Related Issues 1 The Solomon Four Group design offers us the opportunity to exercise a preferable longitudinal approach as opposed to a cross-sectional design such as that employed by the VSA We can treat the data longitudinally because of the relatively short time frame (about one and a half years) for completion of the Master’s degree in Educational Leadership. Likewise, our control/comparison groups will be drawn from master’s degree programs with similarly brief scheduled time frames


Related Issues 2 Participant motivation is a special problem because more than half of the subjects in a balanced study would presumably not care about results on the SLLA examination. Our own students may not be particularly motivated when they take the pretest. Possible motivators include: 1.) SLLA success would open the door to educational administration for those who had not given it previous consideration; 2.) the examination is paid for; 3.) for the four hour exam, students would be paid $100; 4.) students who passed would be paid another $100; 5.) students who improve scores across two administrations would also receive an additional $100.

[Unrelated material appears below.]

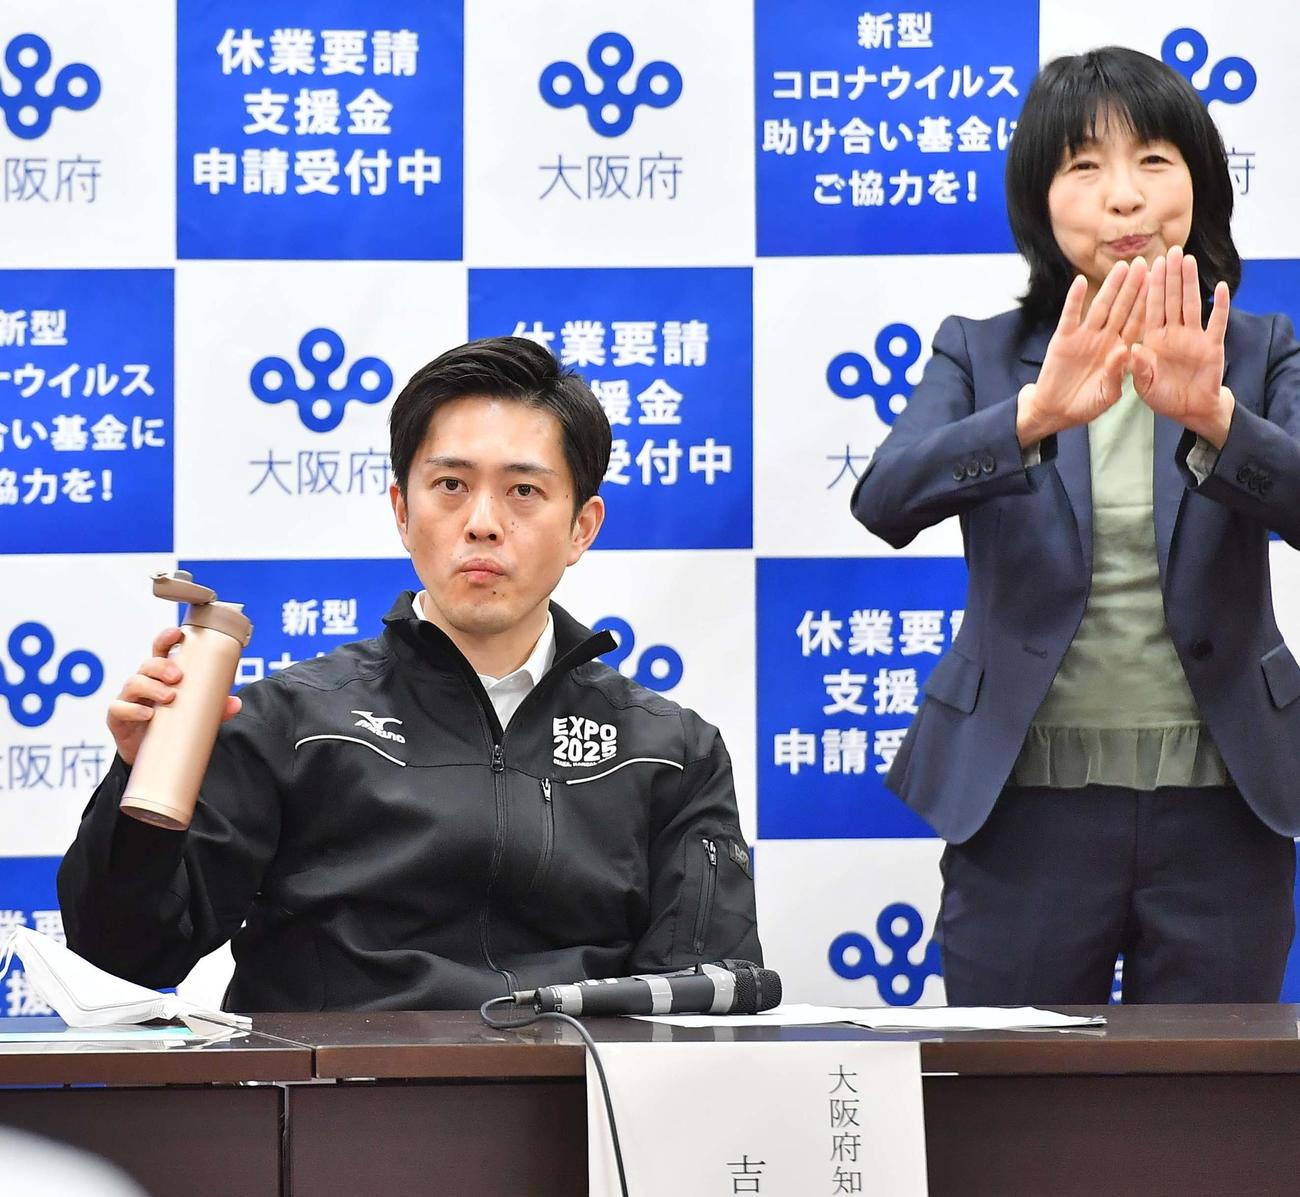 会見を開く大阪府・吉村洋文知事(2020年5月21日撮影)
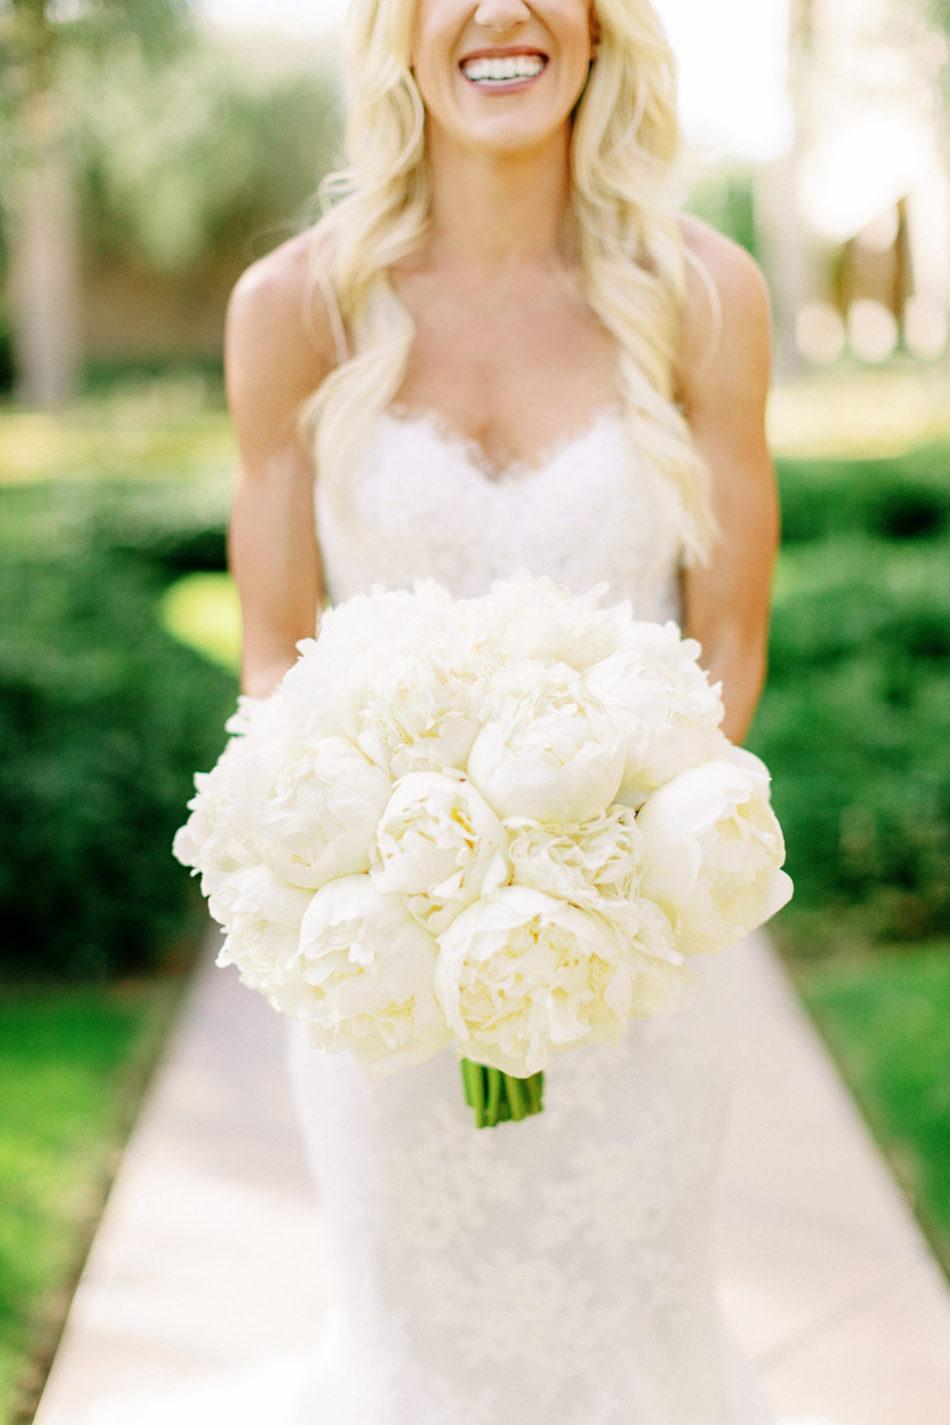 white bouquet, all-white bouquet, memorable bridal bouquets, floral design, florist, wedding florist, wedding flowers, orange county weddings, orange county wedding florist, orange county florist, orange county floral design, flowers by cina

Related Issues 3 Employing motivation scales like the Student Opinion Survey (SOS) may be helpful in detecting low motivation students Students so identified can then have their actual performance taken into account as analysis proceeds Other possible motivators might include giving course credits within the SOE

Sundre, D. L, & Wise, S. L. (2003, April). Motivation filtering: An exploration of the impact of low examinee motivation on the psychometric quality of tests. Paper presented at the annual meeting of the National Council on Measurement and Education, Chicago, IL.


Related Issues 4 Low numbers of participants are expected due to the SLLA examination costs that we must incur in order to increase and maintain motivation. This involves a dance of tradeoffs among sufficient motivators, financing through grants, the extent of ETS collaboration, and n-size. We expect large effect size differences across the SLLA testing, but whether this can carry the day (for statistical significance and statistical conclusion validity) against a small n-size remains to be seen.